Не забудем, что все происходит в Астрахани, где и виноградники и пароходы — дело житейское.
«Ничего не осталось»! Тут в речи ректора зазвучало такое неподдельное участие, что, быть может, перечитав ее в более спокойную минуту, он застеснялся своего волнения и не захотел ставить имени под печатным текстом, полным грустного раздумья о судьбе своего недавнего подчиненного.
«…Тетрадки, которые носил покойный, не тяжелы, но тяжело то, что каждое слово честного наставника должно быть полно мысли, тяжело то, что мысль часто бывает непослушной для того, чтобы быть ей понятною молодым слушателям. Здесь нужна бескорыстная любовь, которая бы проникала и самую мысль, сообщаемую учащимся, и обнимала их самих… Эта работа неотвязчива: она преследует честного труженика в классе, на пути, в обществе, в семье. Поэтому-то люди науки часто кажутся нелюдимыми, они иногда и в семье бывают как бы чужды интересам семьи».
Это уже, кажется, прямо обращено к семье покойного, словно бы объясняя и оправдывая его — вероятную — житейскую непрактичность.
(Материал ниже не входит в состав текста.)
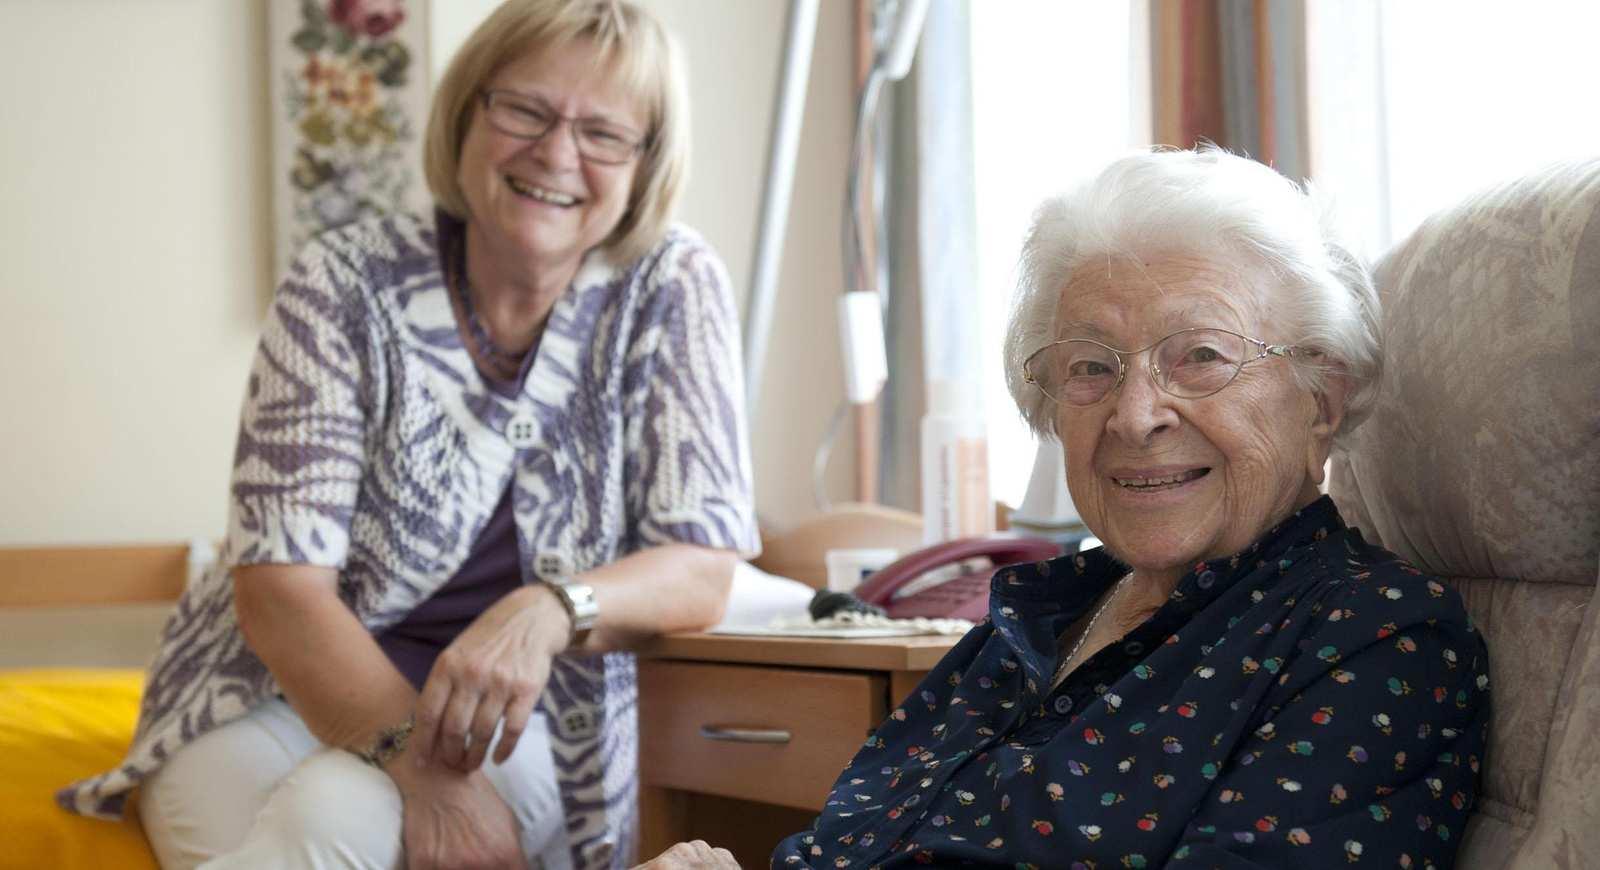 Zwei ältere Frauen mit Brillen sind in einem Wohnzimmer. Die eine Frau sitzt in einem Sessel, die andere neben ihr auf der Bettkannte.

«Он не знал отдыха, ему как бы и хворать-то было некогда. Его все привыкли видеть за делом или с поспешностью бегущим на дело. Но и во время самого пути его не оставляла мысль о деле: как он часто вслух рассуждал сам с собою, размахивая руками и не обращая внимания на мимоидущих».
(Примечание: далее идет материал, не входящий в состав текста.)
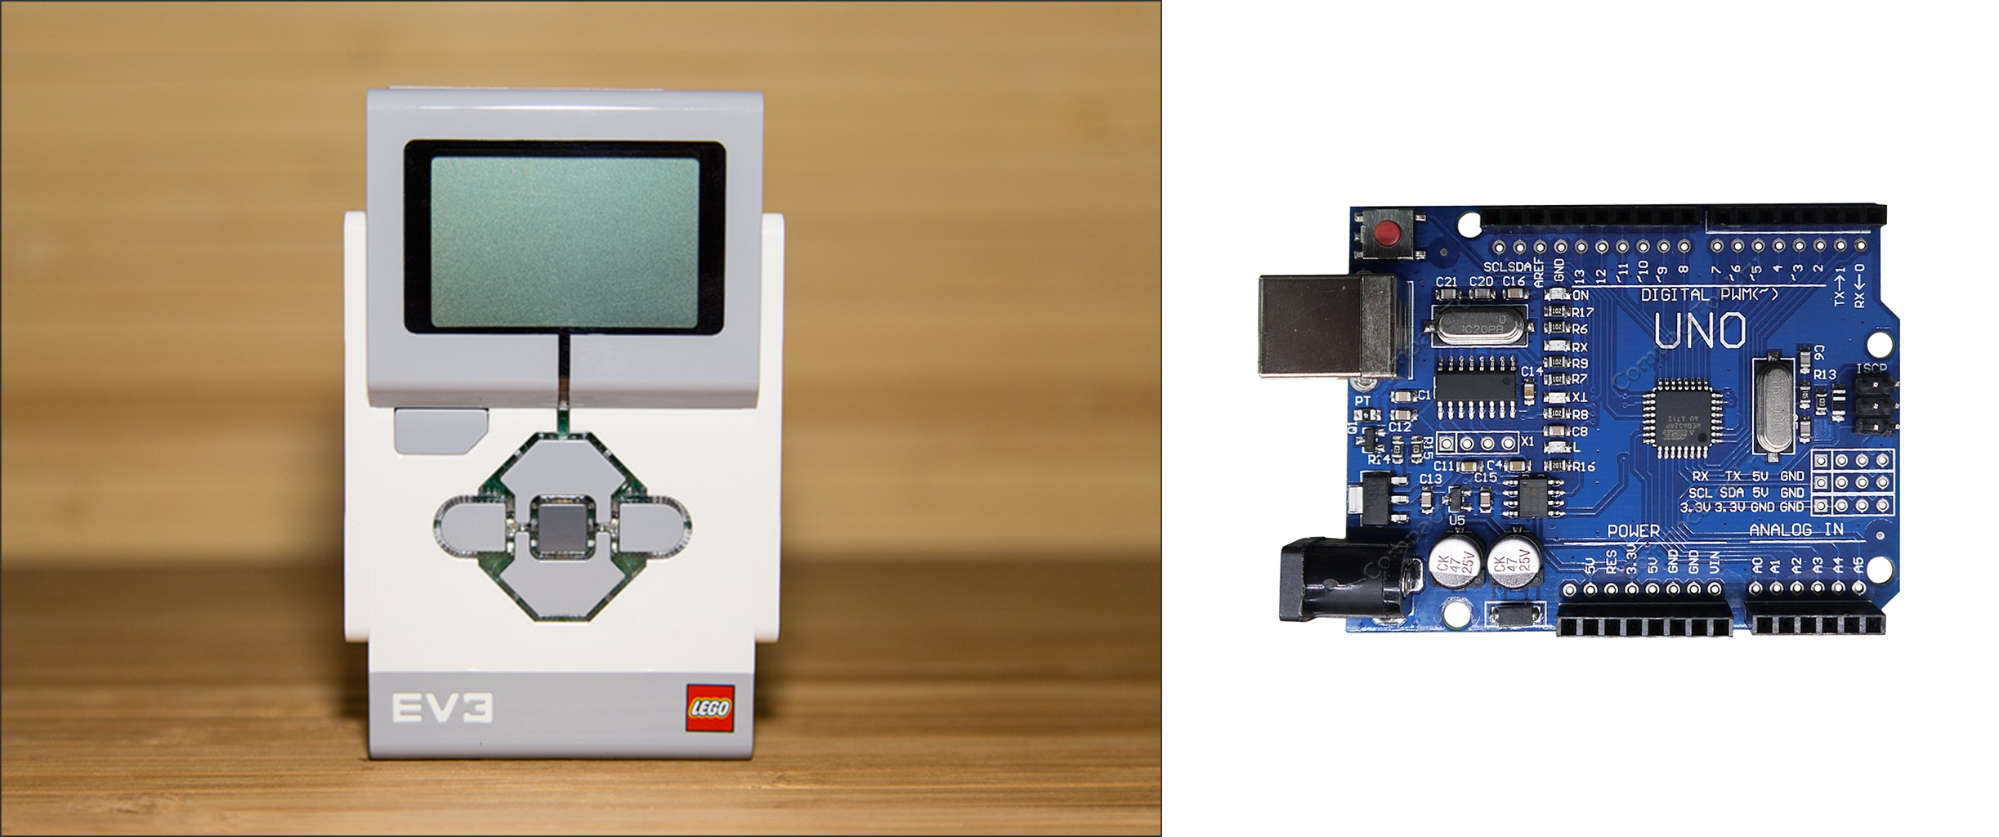 Сравнение программного блока Lego Mindstorms и Arduino

На наших глазах происходит нечто вроде чуда воскрешения для потомков безвестного провинциального учителя со своей судьбой, характером и привычками, сохраненными до деталей.
«Да, покойный любил свое дело. Но он любил и свое семейство. Мысль о необеспеченности семейства побуждала его искать работы вне семинарии, и везде, нужно сказать, охотно принимали его услуги, потому что он, при своей педагогической опытности, всегда относился честно к делу. И вот, может быть, эта-то непосильная и такой сильной натуре работа так преждевременно сломила его крепкое здоровье».
Это — подлинный плач о русском учителе, перекликающийся с лучшими страницами отечественной литературы, посвященными многочисленным великомученикам русского просвещения.
Когда же раздадутся молодые голоса воспитанников, послышатся и такие ноты, которые, пожалуй, заставят нас припомнить о некоторых уже известных нам чертах его брата, Константина.
Начинается вроде бы с малого: один из ораторов вспоминает его, Михаила Лукича, «постоянное приспособление к нашим еще не зрелым понятиям, простиравшееся до такой степени, что одна из этих наук — тяжелая для юношеского понимания (видимо, логика. — А. Т.), делалась в его словах понятною…», другой — «вежливость, приветливость», «добродушное, снисходительное отношение к ученикам, готовность прийти им на помощь в затруднительных случаях».
Однако постепенно этот портрет «просто хорошего» педагога существенно дополняется: «…слово его было всегда просто, прямо, живо, искренне, чуждо той изысканной мягкости и изворотливости, которою обыкновенно отличается слово людей, ищущих похвалы себе, а не пользы слушателей… он… требовал сознательного, критического отношения к преподаваемому им» (тут невольно вспоминаешь тягу к самостоятельности, которой отличался Константин Лукич).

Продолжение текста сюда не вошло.